Recent trends in spatial, social and cultural processes show a growing sense of this ambivalence – in the coexisting patterns of spatial polarization and shrinkage, in the informal public spaces patched under recombining networks of individual and collective exchange, in the increasingly difficult access to social and physical infrastructures that (used to) support modern cities. These are the landscapes of a changing urban Europe. No longer confined to the City but ever more dependent on stronger spaces of citizenship.
Ambivalent landscapes are the common ground and the opportunity to address public space and urban culture in the face of an open and transdisciplinary perspective.
This is an invitation to scholars to participate with original papers on a multiple disciplinary basis – architecture and urbanism, social sciences and landscape, design and technology.
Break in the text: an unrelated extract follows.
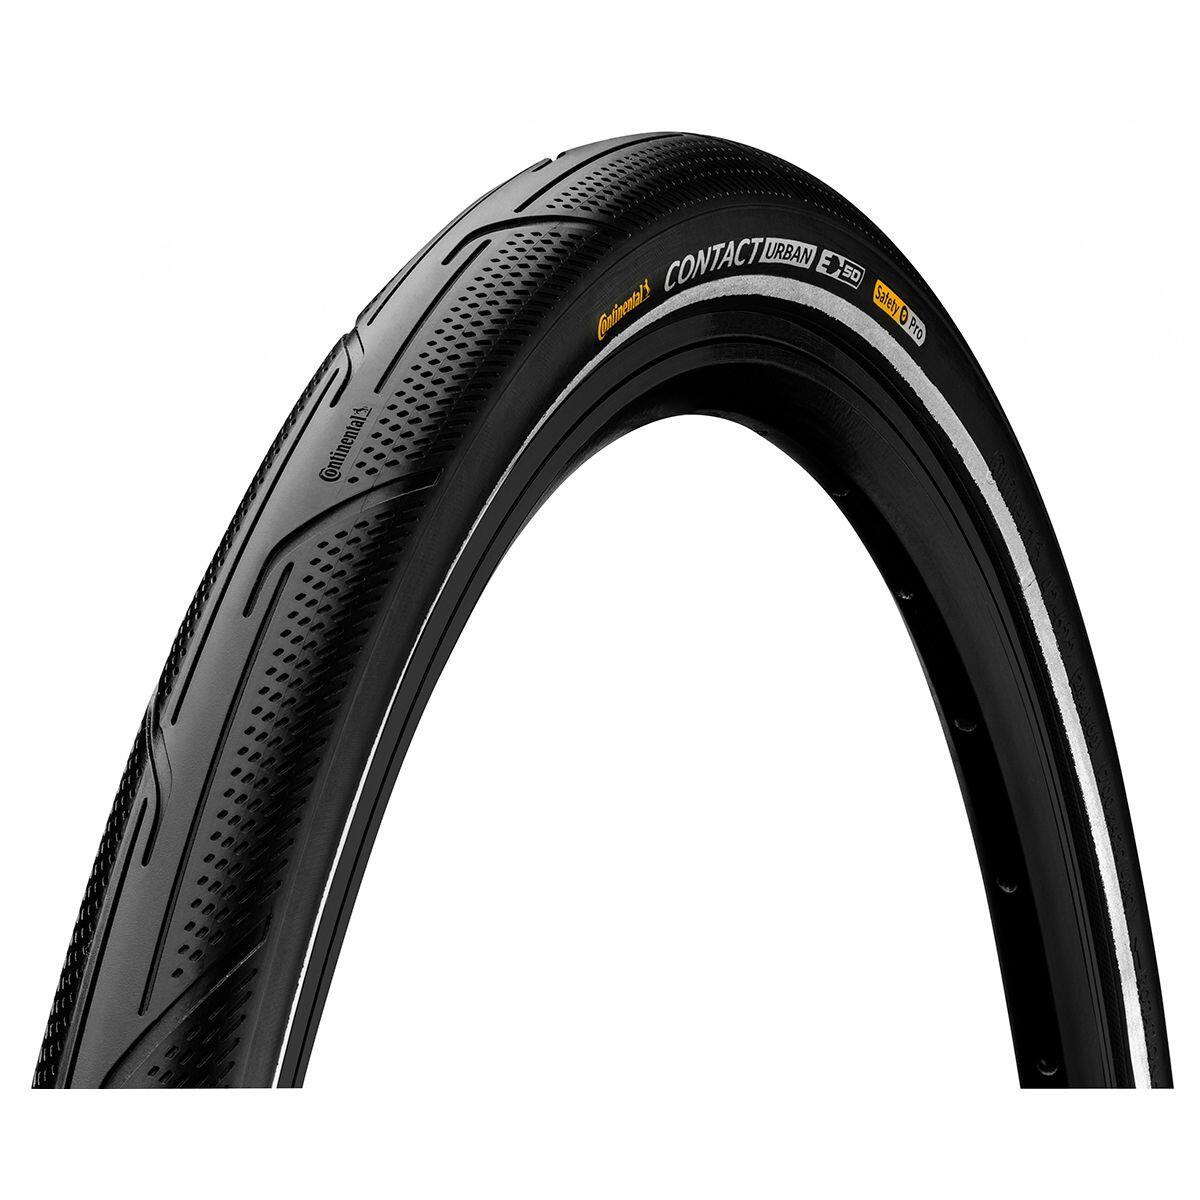 CONTACT Urban Reflex Tyre-Wire Bead PureGrip Compound Black Reflex 700 X 32C 2/2

Three trackswere designed to bringing together different approaches into a shared topic: Empty Cities, Collective spaces, Living infrastructures.
Venue: Faculty of Architecture, Technical University of Lisbon, Lisbon, Portugal Call for papers: 1stSeptember/5th October 2012; Acceptance notice: 1st November Accepted papers will be published in a cd-rom edited by FA-UTL (ISBN)
Keynote Speakers:
Ali Madanipour (Newcastle University);
José Pinto Duarte (Faculty of Architecture, Technical University of Lisbon); Frank Eckardt (Bauhaus Universität Weimar)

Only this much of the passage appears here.